You Lied To Me - The Re-Vels (Sound Records) 1956, 45 rpm! A Direct Recording!
A really nice, rare one!!
The group was formed in Philadelphia around 1954 as The Re-Vels Quartette (putting the accent on vels, instead of the natural tendency to put it on Rev) with lead singer John Kelly and high school pals John Grant, John Jones, Henry Colclugh and Bill Jackson. The combo clicked and began doing live appearances, cutting a record for the Atlas label, "My Lost Love." A deal with another label, Sound, came along the following year. Their single releases in 1955 and '56 included "So in Love," "You Lied To Me" and "Cha-Cha Toni" under a shortened name, The Re-Vels. The songs, particularly "Toni," received a smattering of airplay in Philly and a few Eastern U.S. cities, but none were hits. The guys bounced around for a couple of years and landed with Chess Records in 1958. "False Alarm" (also as the Re-Vels) picked up some airplay like the earlier singles, but despite its tight doo wop harmonies and a hot opening guitar riff, didn't quite catch on. Chess, riding high at the time with Chuck Berry and Harvey and the Moonglows, was apparently demanding that their acts deliver hits, and the Re-Vels were quickly cut from the roster.
It would seem the key to the success of the group, then, was dependent on two things: taking the hyphen out of the group's name, and recording something with a little more of a novelty flavor. A small startup label founded by Harold Nussbaum (a.k.a. Hal Norton) and William Goldstein and named after a mashup of their names, Norgolde Records signed the group as The Revels. 'Dressed in a top hat, cane and all, must have been going to a dead man's ball...may not believe it but it has to be told, a poor soul doing the dead man's stroll.' Jackson's lyrics weren't what one would expect to break the quintet onto the charts, yet it was meant to be.
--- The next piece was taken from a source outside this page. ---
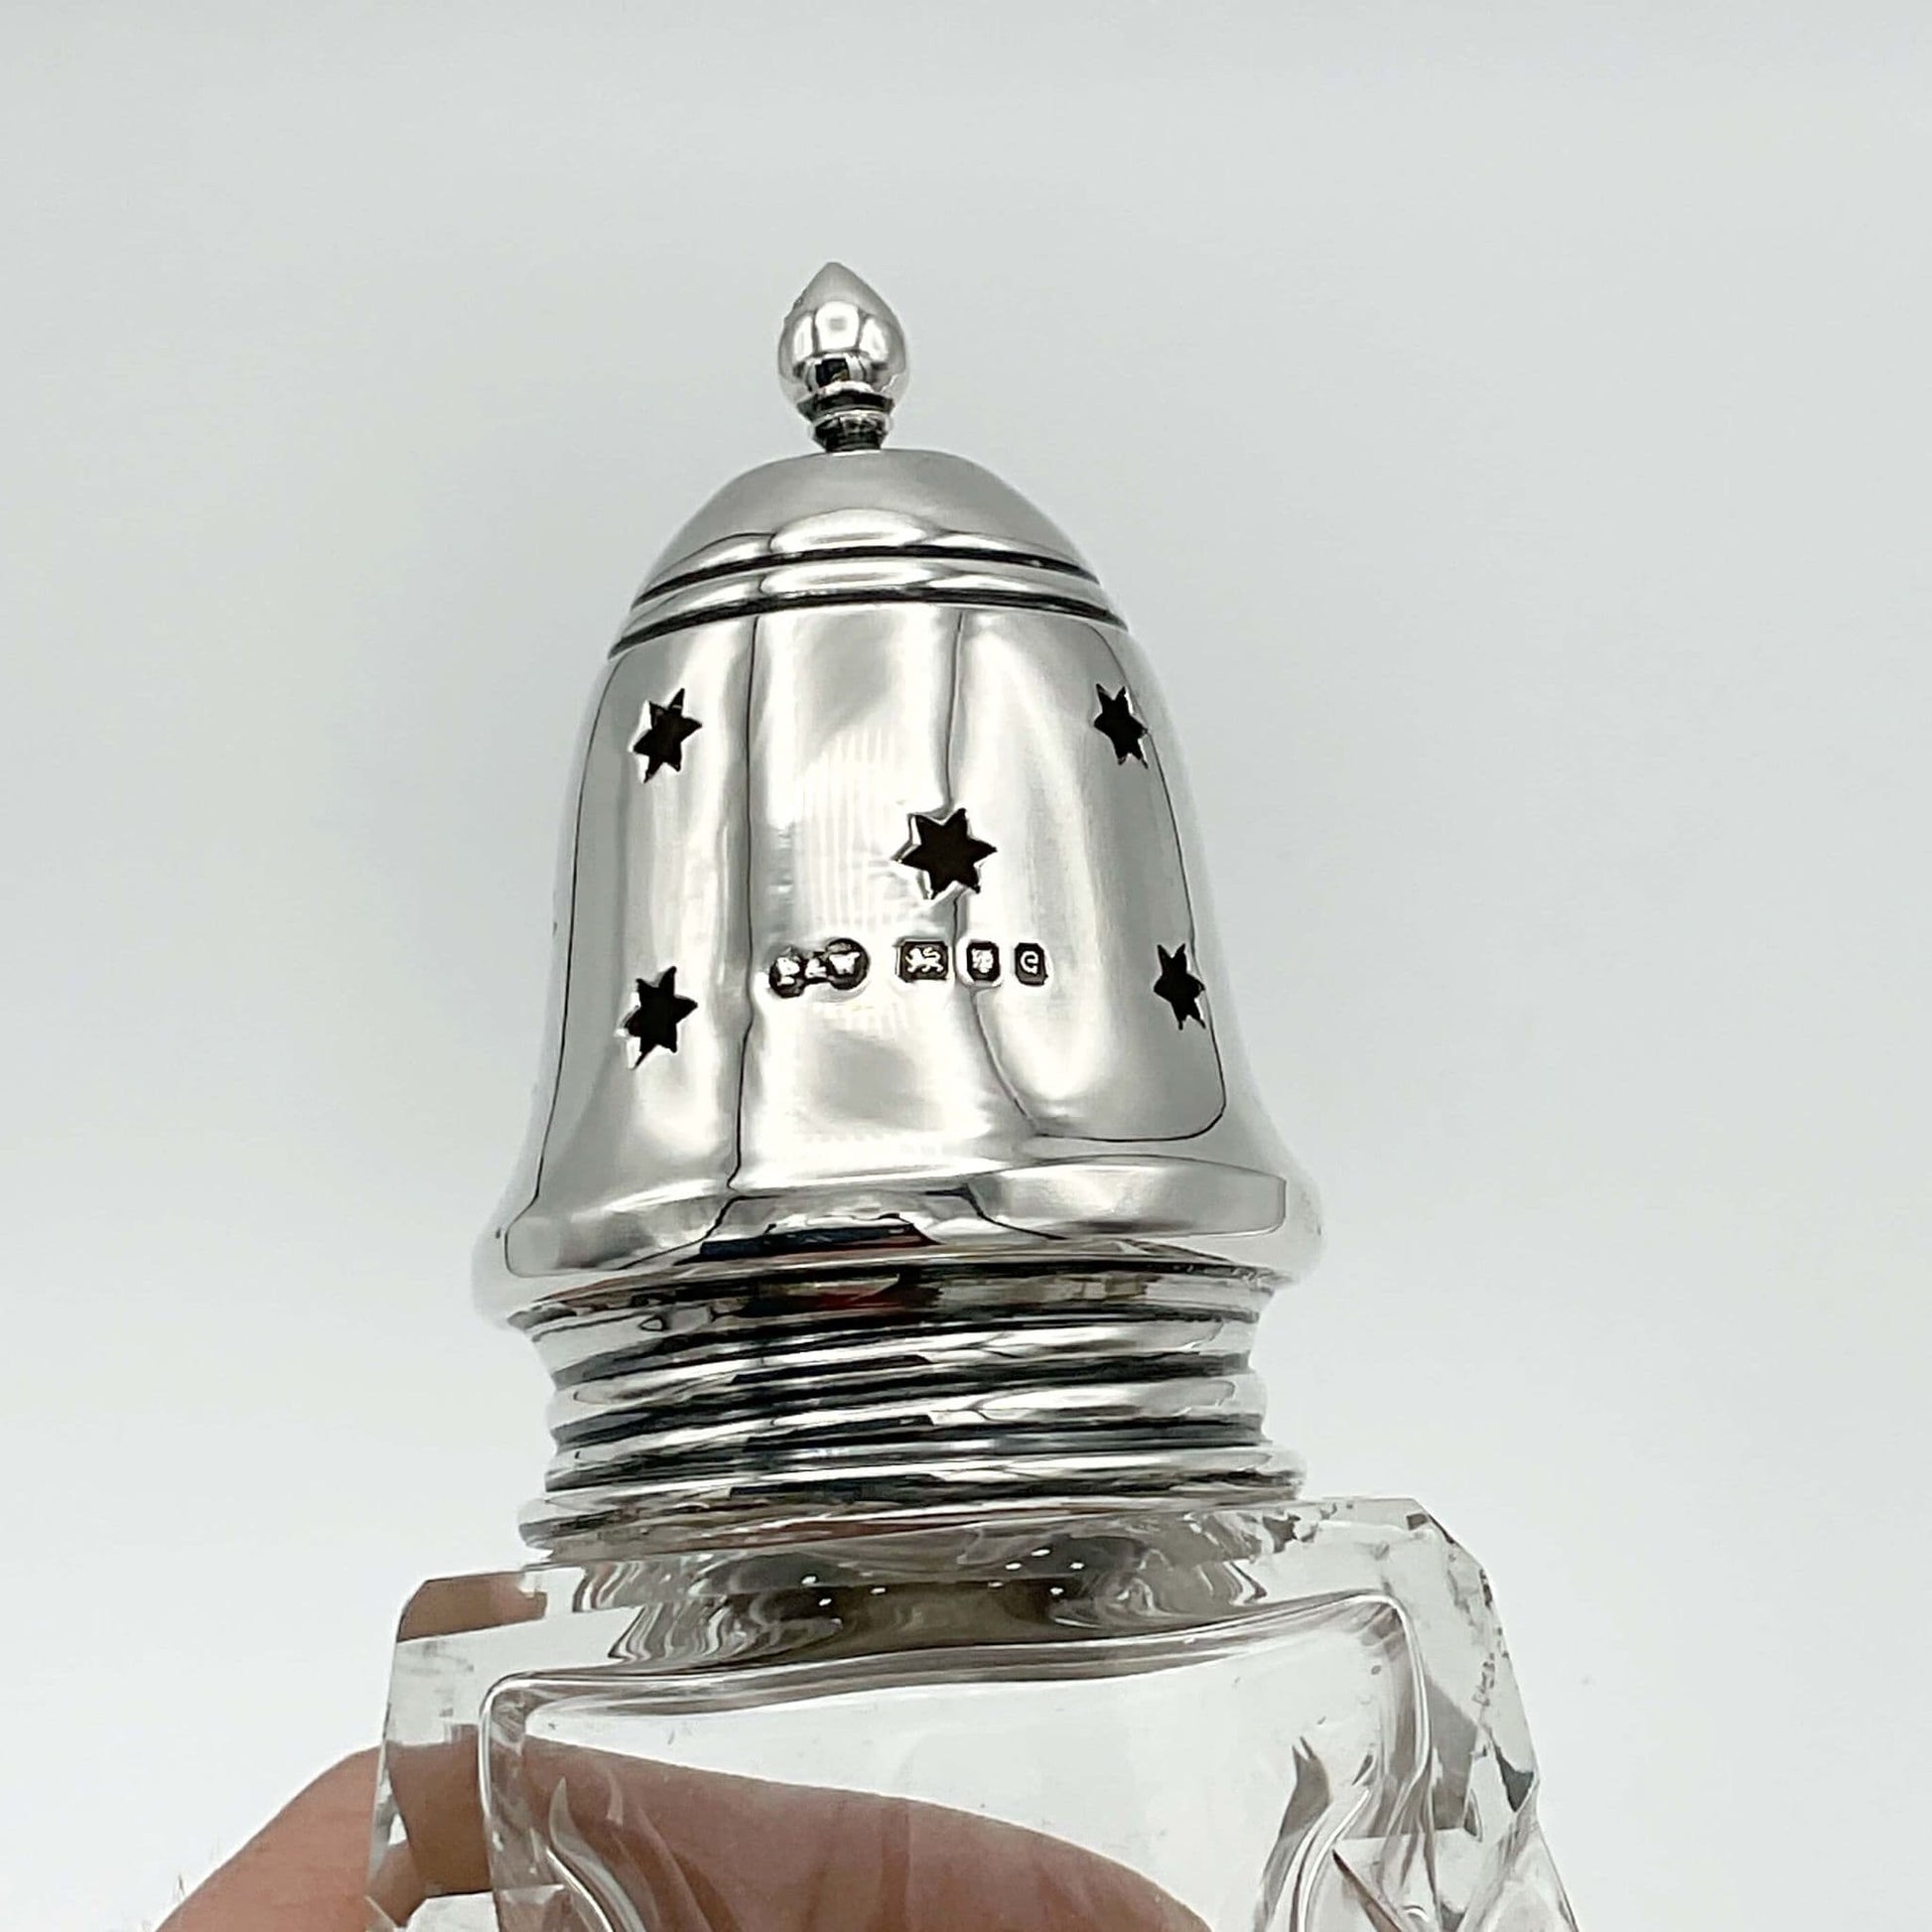 Sterling Silver lid of sugar shaker with stars and hallmarks

"Dead Man's Stroll" was released in September 1959 with the idea of timing it to hit big around Halloween, and the song began popping up on radio stations, leading to a scheduled appearance on American Bandstand with Dick Clark at the end of the month. Clark objected to the "Dead Man" part of the title, so to appease him and avoid losing the much-needed TV exposure, the record's title was changed to "Midnight Stroll" (though the lyrics were left unchanged, with the word "midnight" nowhere in the song). The record broke into the national charts in mid-October, languishing near the bottom at first, as Halloween flew right by. Fortunately the song wasn't affected by the passing of the holiday, as it ascended soon after, reaching the top 40 near the end of November and remaining on the charts until just before Christmas.